Penn State professor of physics, chemistry, and materials science and engineering Mauricio Terones, one of the study’s authors, said: virus before symptoms appear, or detecting it from samples in the field is difficult, because viral concentrations can be very low – often below the threshold of current detection methods.”< /h5>

“Early detection is important, because the virus can start spreading before we can detect it. The newly developed device allows us to trap and concentrate viruses in extremely dilute samples and select them for their size – smaller than human and bacterial cells, but larger than most cells. proteins and other macromolecules. This device will increase the ability to detect a very small amount of virus by more than 100 times.”

The research team developed and tested a very compact yet highly sensitive handheld virus detector that traps and concentrates viruses in a row of carbon nanotubes. The dilute sample obtained from the patient or the environment is passed through a filter to remove large particles such as bacteria and human cells, which then pass through a row of carbon nanotubes. in the device. The viruses will be trapped and concentrated in the nanotubes until they reach a concentration large enough to be used, while smaller particles pass through and are eliminated. The virus that is concentrated inside the device can then be passed through test plates for identification, including molecular diagnostics by polymeraze chain reaction (PCR), immunoassays, virus isolation. , and gene sequence.

“Because this device isolates and concentrates viruses entirely based on size, we can capture viruses while knowing nothing about their biology – no need to know about them,” Terones said. any other antibodies or molecular labels. Once we have captured and concentrated the viruses, we can use other techniques such as whole-genome sequencing to characterize its characteristics.”
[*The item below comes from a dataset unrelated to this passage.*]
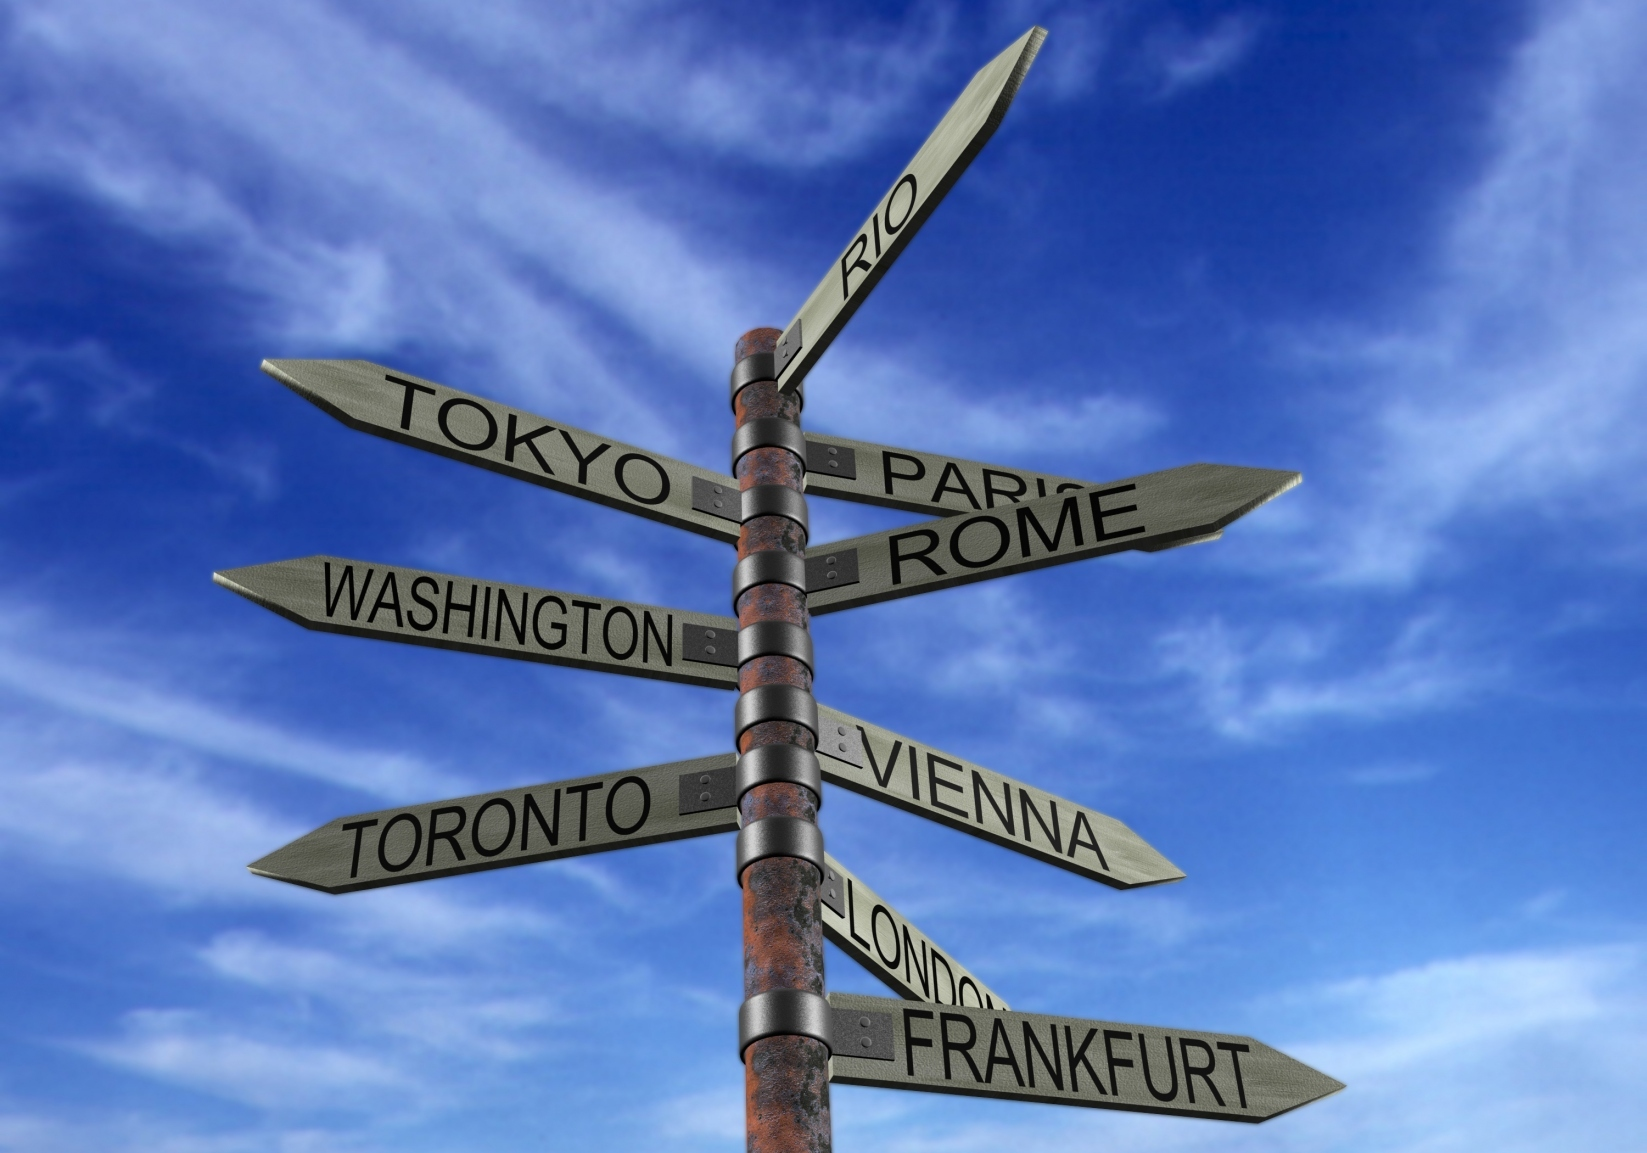 How to Choose a Destination As a First Time Traveler forecasting
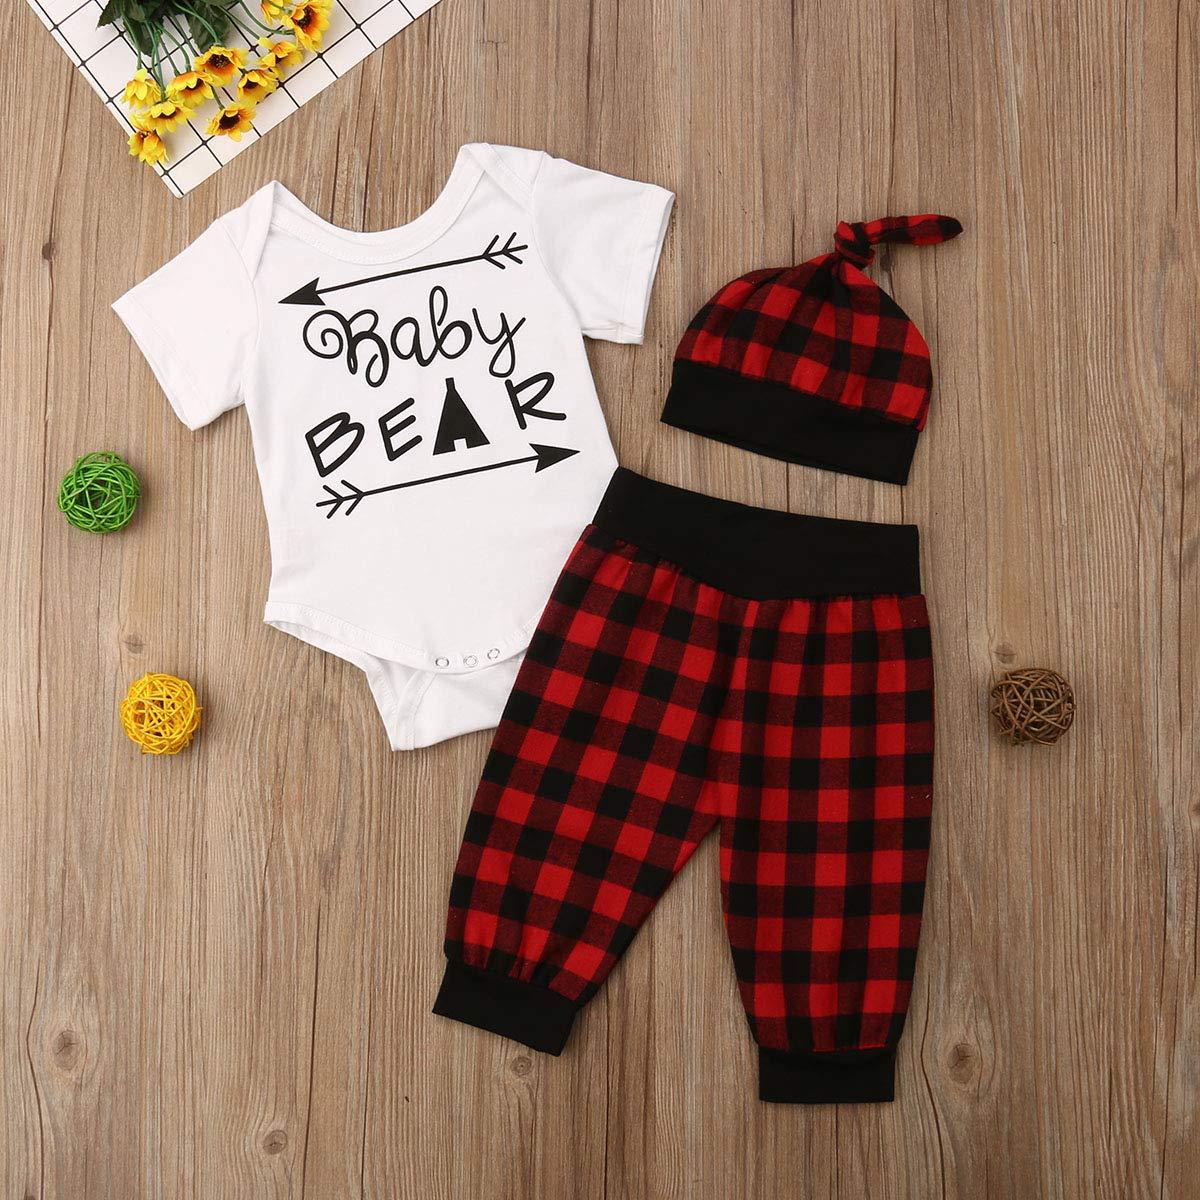 Honganda 3Pcs Newborn Infant Baby Girl Boy Baby Bear Romper Bodysuit+Plaid Pants+Hat Outfit Set

“Most deadly pandemics are caused by viruses,” said Si Yang Zheng, an associate professor of biomedical engineering at Penn State University and the other contact author of the study. caused in the past two decades are all due to emerging viruses. This size-based virus enrichment technology can be particularly effective in identifying emerging viruses, and in detecting new viruses that do not have antibodies or genetic sequence information available. This technology not only enriches the virus to at least 100 times, but it also removes contamination from the host and the environment, and allows direct virus identification by subsequent sequencing as soon as the sample is collected on the ground. environment without the need to culture the virus.”

Viruses such as influenza, HIV/AIDS, Ebola and Zika can break out suddenly and unpredictably and lead to public health disasters. Currently available techniques for the isolation and identification of viruses are slow, expensive, and use very expensive, cumbersome, and demanding equipment and reagents. In addition, many recent epidemics are caused by emerging viruses, for which a way to selectively isolate and characterize them has not yet been established.

Mr. Zheng said, the team has “developed the technique of planting a forest of nanotubes and we can control the distance between the tubes. The spacing of the inner tubes can range from 17 nm to more than 300 nm to selectively contain viruses. The unique properties of this carbon nanotube forest allow it to be integrated into a powerful, resizable and movable micro-device. This device can be adapted for field use without the need for specialized and cumbersome reagent storage devices.”

The researchers tested the new device’s ability to capture viruses on known dilutions of previously identified viruses, as well as samples taken in real life. site of new and unknown viruses.

“We have developed a portable device for the enrichment and isolation of viruses,” said Yin Ting Yeh, a postdoctoral fellow at Penn State University and lead author of the study. based on their physical size. This tunable size-based approach enables rapid viral enrichment directly from field samples, without the use of any antibodies. This device allows for the early detection of emerging diseases and the development of vaccines much earlier when epidemics break out.”